Dans la glomérulopathie extramembraneuse idiopathique (ou « primitive » ou encore « sans cause identifiée »), qui est la cause la plus fréquente de syndrome néphrotique de l'adulte dans de nombreux pays, l'approche thérapeutique repose sur les corticoïdes et les immunosuppresseurs. Mais ces médicaments ne sont pas spécifiques et comportent un risque d'effets délétères.
Ces trente dernières années, le pronostic de la GEM idiopathique ne s'est pas amélioré de façon significative. Malgré la corticothérapie, les agents alkylants ou d'autres médicaments, jusqu'à 40 % des patients peuvent aboutir à l'insuffisance rénale terminale.
Une meilleure compréhension des mécanismes pathogéniques de la maladie pourrait aider à trouver des approches plus efficaces et plus sûres à long terme.
La protéinurie, indicateur majeur
La protéinurie est un indicateur majeur indépendant de la progression de la maladie. Des données provenant d'études chez l'animal suggèrent que les dépôts immuns typiques sous-épithéliaux glomérulaires sont provoqués par des réactions médiées par les lymphocytes B ; ce qui induit des lésions de la barrière glomérulaire et provoque une protéinurie. Ainsi, même si l'on ne connaît pas les auto-antigènes en cause dans la GEM idiopathique, et même si le rôle des lymphocytes B n'est pas totalement expliqué chez l'homme, des agents qui interféreraient spécifiquement avec les cellules B pourraient idéalement représenter une première étape vers un traitement sélectif.
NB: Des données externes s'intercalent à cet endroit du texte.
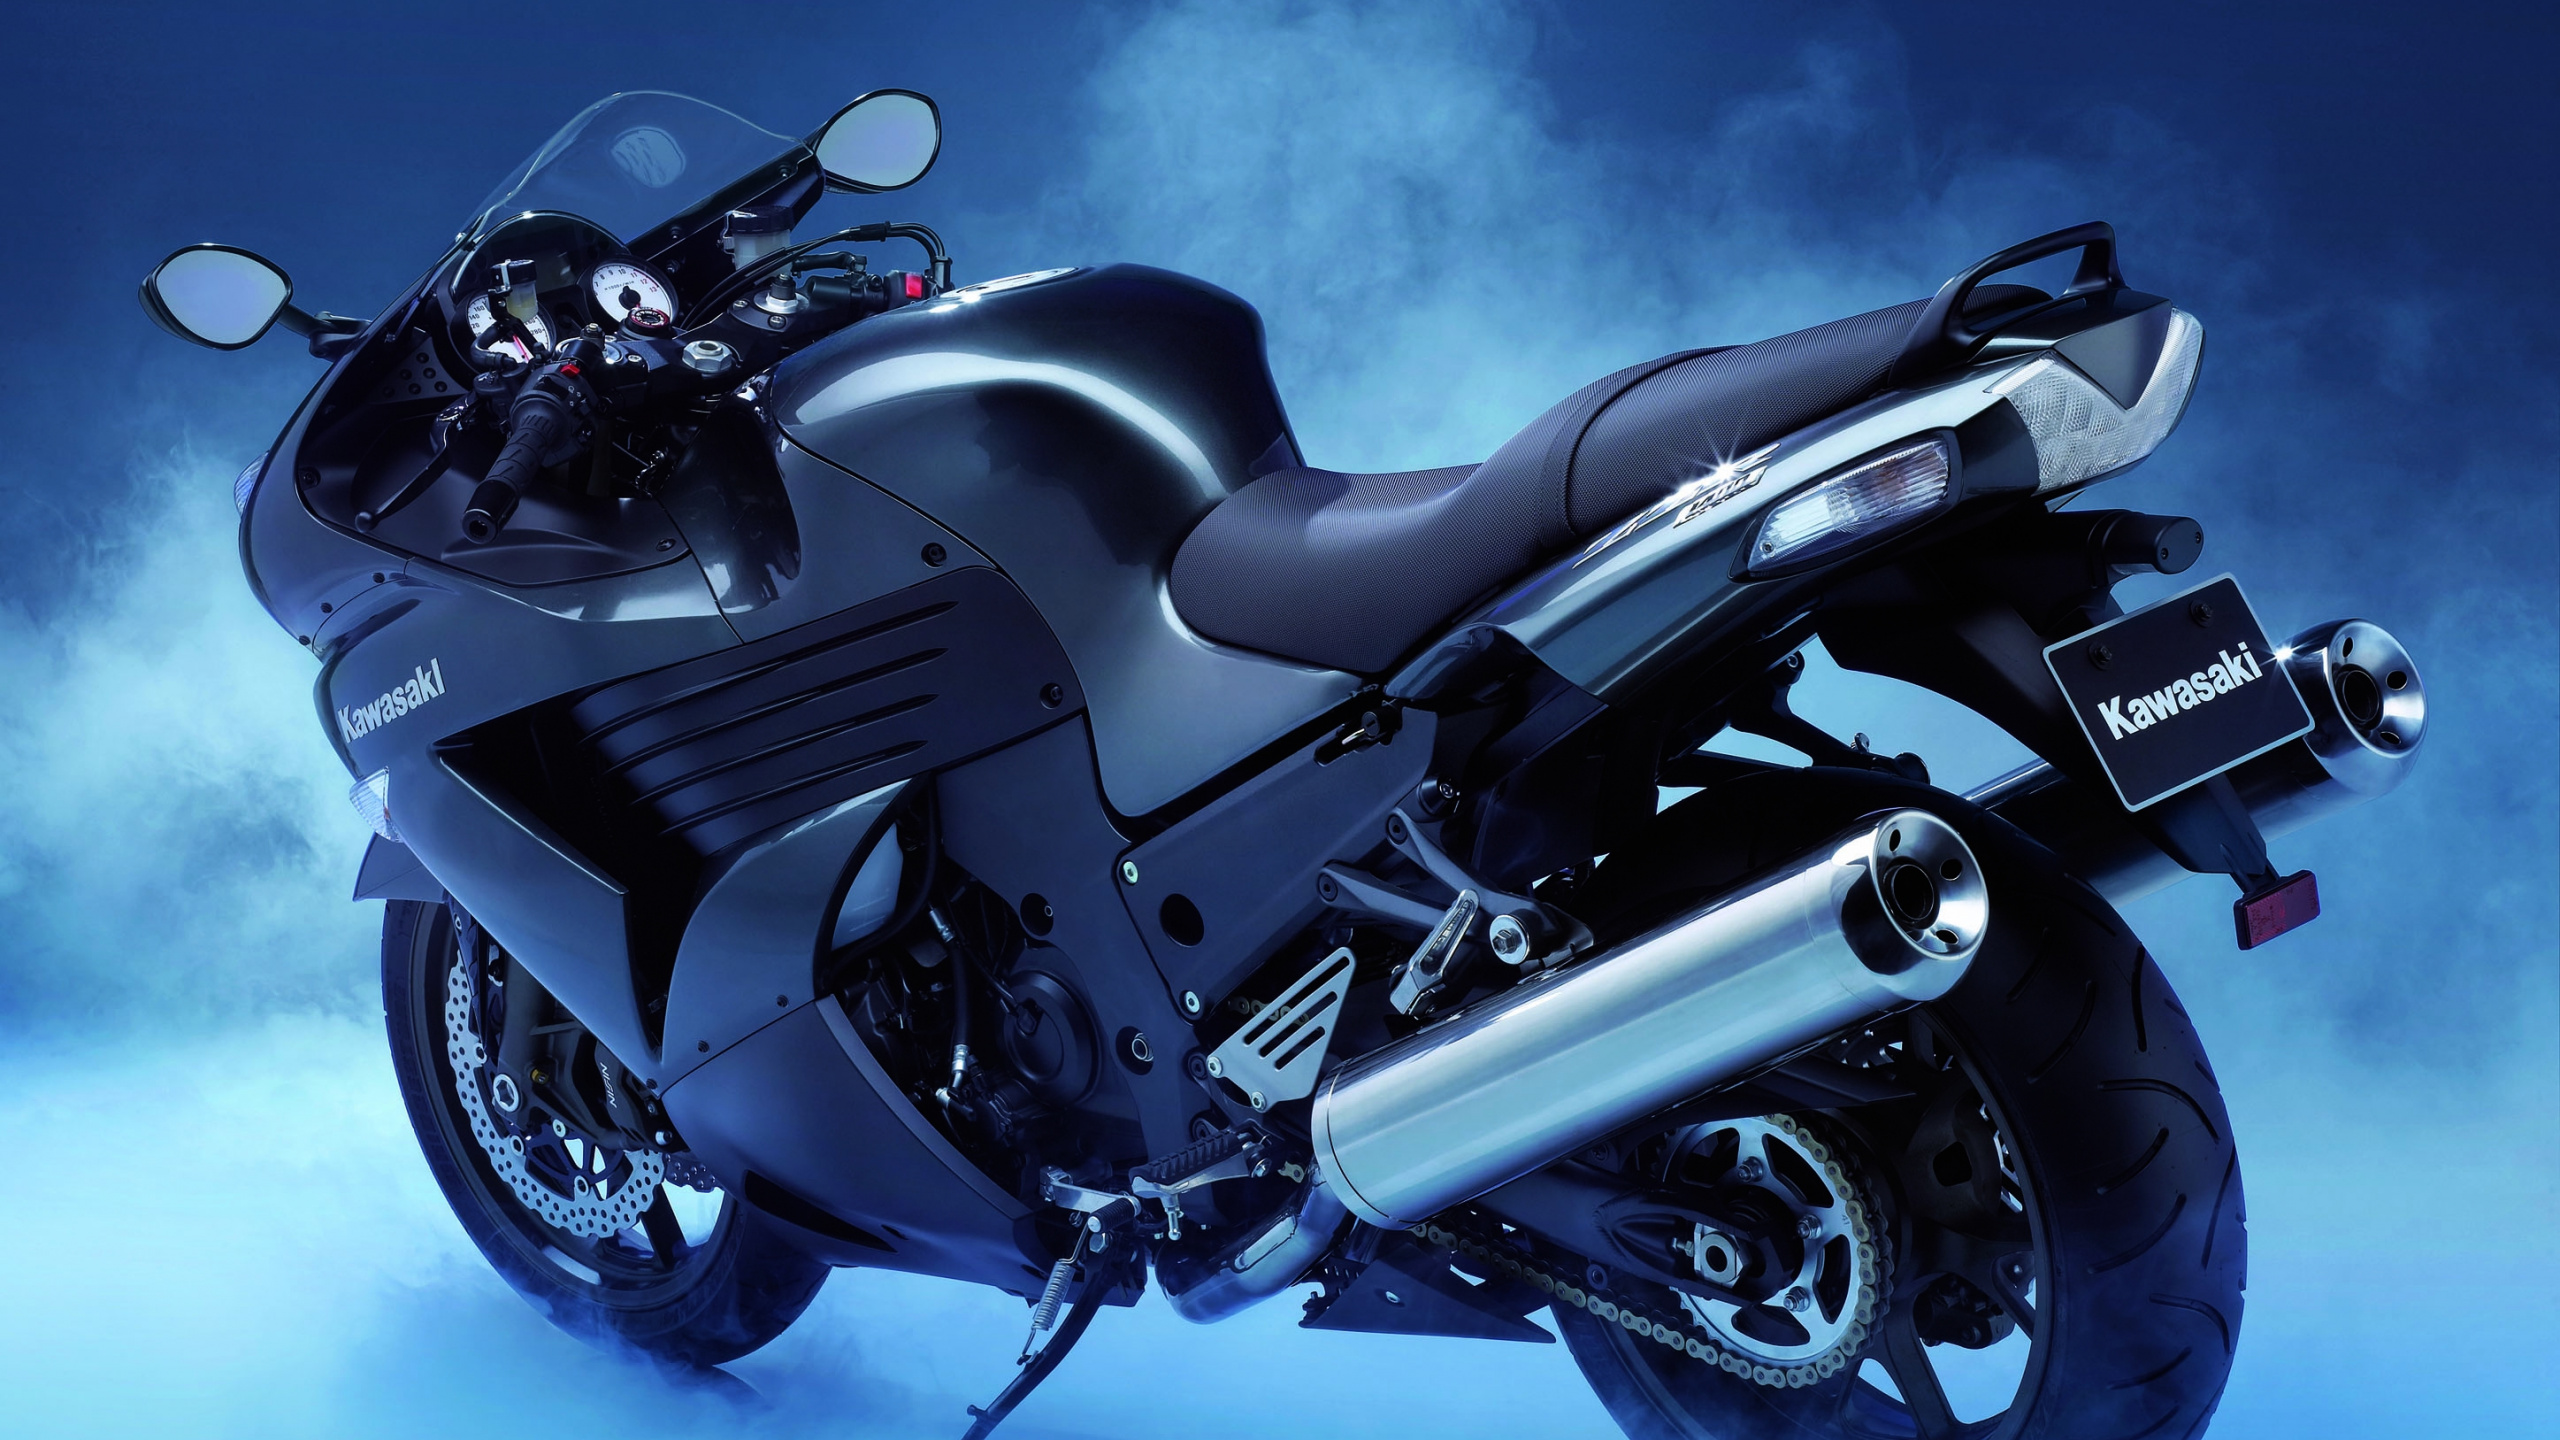 川崎摩托车, 川崎Z650, 汽车轮胎, 车灯, 头灯 壁纸 2560x1440 允许

De plus, le succès de tels traitements prouverait l'existence d'un mécanisme lié aux lymphocytes B dans la GEM idiopathique.
Un anticorps monoclonal anti-CD20
Toutes ces considérations ont conduit une équipe italienne (Giuseppe Remuzzi et coll.) a tester chez 8 patients l'efficacité et la sécurité du rituximab, un anticorps monoclonal dirigé contre l'antigène de surface CD20 des cellules B.
La moyenne d'âge des patients était de 52 ans (24 à 75) ; la clairance de la créatinine était supérieure à 20 ml/mn ; la protéinurie était supérieure à 3,5 g/24 h depuis au moins six mois ; les patients étaient sous des doses élevées d'IEC ; enfin, il y avait absence de rémission (biopsie rénale) depuis plus de 29,7 mois en moyenne (13-49).
Le rituximab a été administré sous forme de perfusions (375 mg/m2).
Le suivi total a duré vingt semaines. La protéinurie ainsi que d'autres données cliniques ou biologiques ont été mesurées au début de l'étude, puis chaque semaine pendant la période de traitement, puis toutes les quatre semaines de la semaine 4 à la semaine 20.
Pendant la période de traitement, les protides urinaires ont diminué de façon significative et non linéaire chez tous les patients. Chez deux patients on a obtenu une « rémission complète » (protéinurie inférieure ou égale à 1 g/24 h) et chez trois autres une « rémission partielle » (protéinurie inférieure ou égale à 3,5 g/24 h).
A la fin de l'étude, la protéinurie avait baissé de 62 %, l'albuminurie de 70 % et la clairance fractionnée de l'albumine de 65 %. Dans le même temps, l'albuminémie avait augmenté de 31 %, cela avec une réduction du cholestérol sérique.
A chaque visite, de la semaine 8 à la semaine 20, l'augmentation de l'albuminémie était associée à une baisse de la clairance fractionnée de l'albumine.
Baisse des lymphocytes CD20
Les lymphocytes B CD20 ont diminué jusqu'à un niveau indétectable après la première dose de rituximab et sont restés inférieurs aux taux normaux jusqu'à la fin de l'étude. Aucune modification n'a été notée en ce qui concerne les globules blancs totaux, les plaquettes, le nombre de lymphocytes et les taux sériques d'IgG, IgA et IgM.
Des effets secondaires (frissons généralisés chez un patient, un rash cutané, deux cas de spasme laryngé qui a régressé en vingt minutes sous méthylprednisolone IV) étaient transitoires et liés aux perfusions et ne sont survenus que lors de la première administration de rituximab.
Le fait que la déplétion de CD20 circulants soit étroitement associée à une réduction de la protéinurie et de l'albuminurie après le premier traitement suggère une relation de cause à effet.
« Le profil risque/bénéfice à court terme du rituximab semble bien plus favorable que celui de tout autre immunosuppresseur utilisé pour traiter la GEM idiopathique », concluent les auteurs.
« Lancet » du 21 septembre 2002, pp. 923-924.